Narayanan, SHIRAHATA, Joshi and Wiltshire are related to the same field of endeavor (i.e.: neural network training). It would have been obvious to a person having ordinary skill in the art before the effective filing date of the invention to combine the teaching of Narayanan with teachings of SHIRAHATA, Joshi and Wiltshire to enable per-neuron circuits to output activation values with reduced computational overload, to improve memory management and error determination (Narayanan, Abstract).
SHIRAHATA in view of Joshi, Wiltshire and Narayanan do not teach:
to fix a peak value of the second activation function.
wherein the peak value of the activation function is fixed to 1 and a dynamic range of the second activation function is from a value of 0 to a value of 1.
Diamant teaches:
to fix a peak value of the second activation function
(Diamant, col.17 Line [44 – 67], “As another example, function table 406 can also be programmed to implement non-uniform quantization, where the step size between adjacent input boundary values is different from different input subranges. The distribution of the input boundary values can be determined based on, for example, a degree of linearity as well as a degree of change of the activation function for a particular input subrange. A degree of linearity can reflect whether the slope of the activation function is a constant or is changing within that input subrange. A high degree of linearity means the slope of the activation function remains constant [to fix a peak value of the second activation function], whereas a low degree of linearity means the slope of the activation function changes. Referring to FIG. 4E, to improve the accuracy of extrapolation based on slope and/or Taylor series coefficients, input boundary values can be more sparsely distributed for input subranges where the activation function is relatively linear (e.g., input subrange 474) and where the activation function experiences very small change with respect to input (e.g., input subranges 476 and 478). On the other hand, for input subrange 480, the activation function is relatively non-linear and the input boundary values can be more densely distributed within input subrange 480 to improve the accuracy of extrapolation and the resultant activation processing result.”)
Diamant, SHIRAHATA, Joshi, Wiltshire and Narayanan are related to the same field of endeavor (i.e.: neural network training). It would have been obvious to a person having ordinary skill in the art before the effective filing date of the invention to combine the teaching of Diamant with teachings of SHIRAHATA, Joshi, Wiltshire and Narayanan by selecting base values and parameters and applying arithmetic circuits for interpolation, the system can efficiently compute estimated outputs of neural network functions, further reducing computational cost. (Diamant, Abstract).
SHIRAHATA in view of Joshi, Wiltshire, Narayanan and Diamant do not teach:
wherein the peak value of the activation function is fixed to 1 and a dynamic range of the second activation function is from a value of 0 to a value of 1.
Kang teaches:
wherein the peak value of the activation function is fixed to 1 and a dynamic range of the second activation function is from a value of 0 to a value of 1.
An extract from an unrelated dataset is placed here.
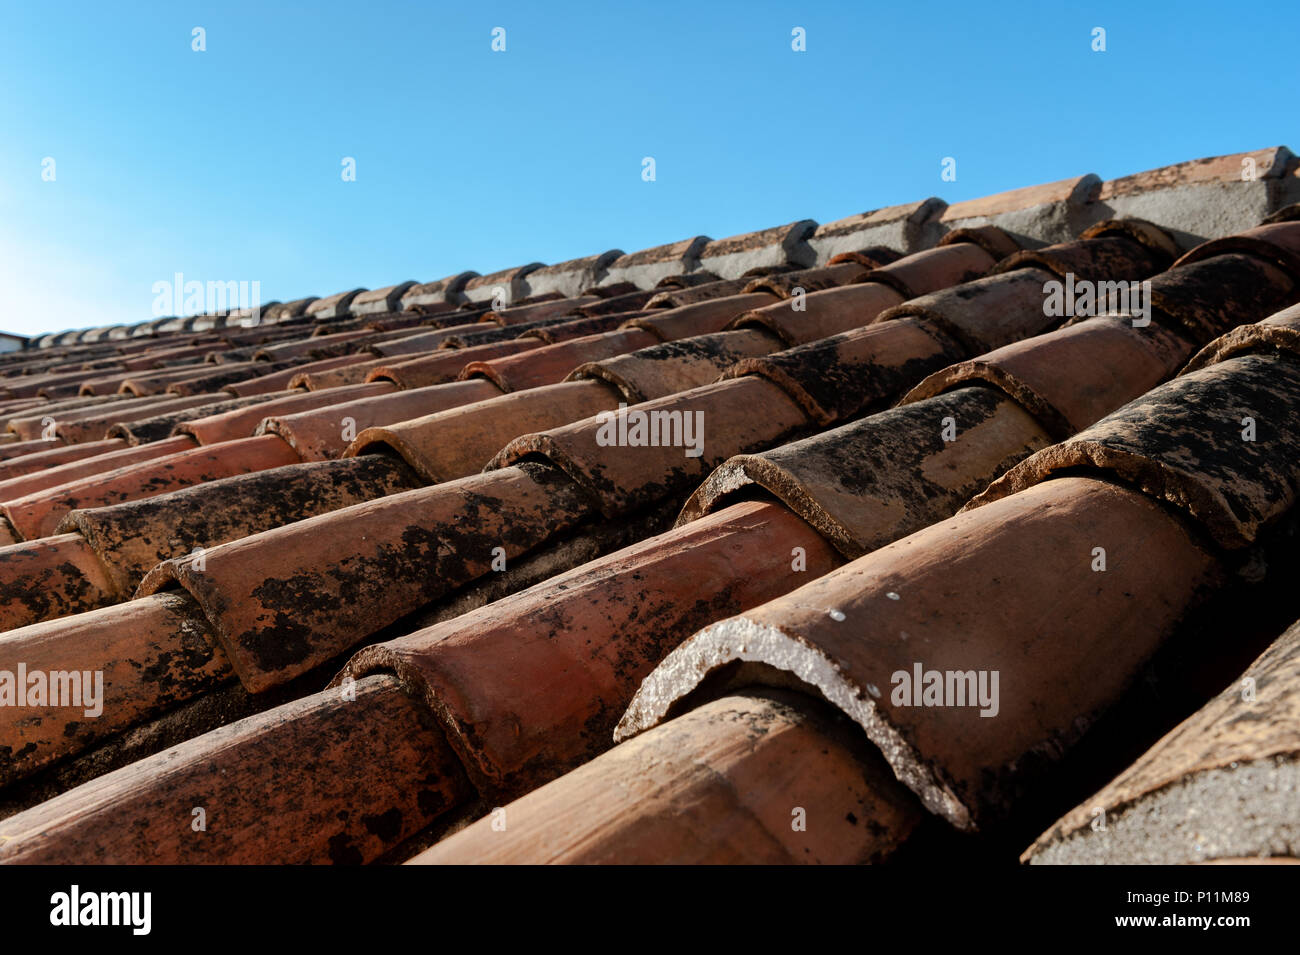 Spanische Dachziegel an einem klaren Tag in Malaga, Costa del Sol, Spanien mit kopieren. Stockfoto

(Kang, “[0019] A neural network generally contains multiple neurons, and connections between those neurons. A neuron generally is a part of a neural network computer system that determines an output based on one or more inputs (that can be weighted), and the neuron can determine this output based on determining the output of an activation function with the possibly-weighted inputs. Examples of activation functions include a rectifier/rectified linear unit (ReLU) activation function, which produces an output that ranges between 0 and infinity, inclusive; tan h, which produces an output that ranges between −1 and 1 [wherein the peak value of the second activation function is fixed to 1], inclusive; and sigmoid, which produces an output that ranges between 0 and 1 [and a dynamic range of the second activation function is from a value of 0 to a value of 1], inclusive. While several of the non-limiting examples described herein concern a ReLU activation function, it can be appreciated that these techniques can be applied to other activation functions.”)
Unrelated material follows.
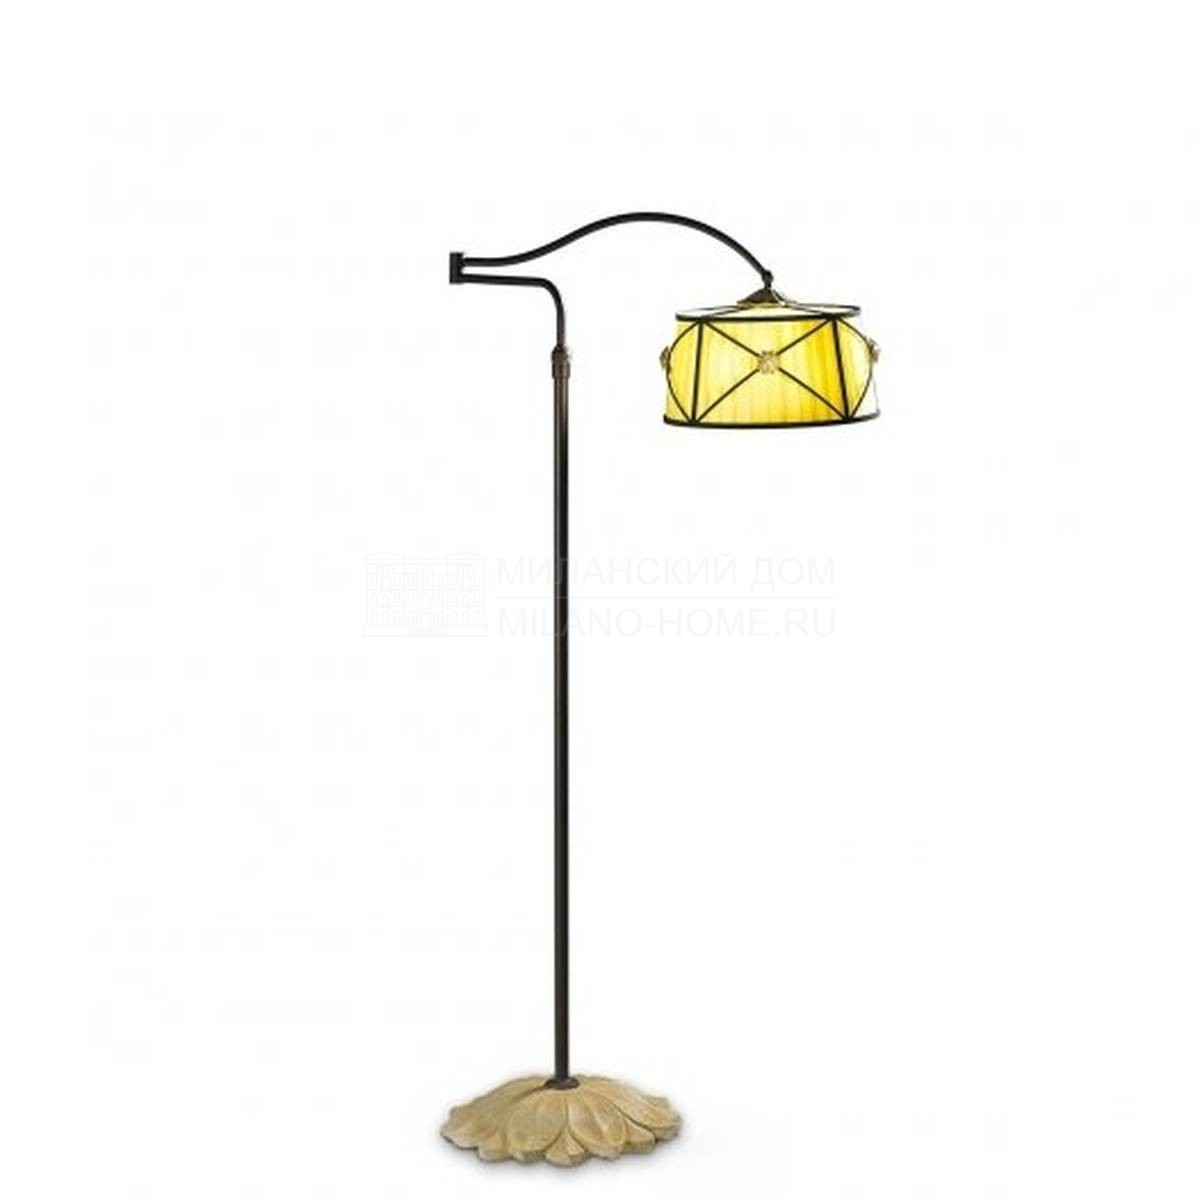 Торшер Iris floor lamp with articulated arm из Италии фабрики MARIONI

Kang, SHIRAHATA, Joshi, Wiltshire, Narayanan and Diamant are related to the same field of endeavor (i.e.: neural network training). It would have been obvious to a person having ordinary skill in the art before the effective filing date of the invention to combine the teaching of Kang with teachings of SHIRAHATA, Joshi, Wiltshire, Narayanan and Diamant for improving the efficiency of neural network computation by predicting an output condition based on an intermediate calculation and selectively terminating further processing (Kang, Abstract).
Claim 24 is rejected under 35 U.S.C. 103 as being unpatentable over SHIRAHATA in view of Joshi, Narayanan, Diamant, Wiltshire, Kang and in further view of Liu et al., Pub. No.: US20190138922A1.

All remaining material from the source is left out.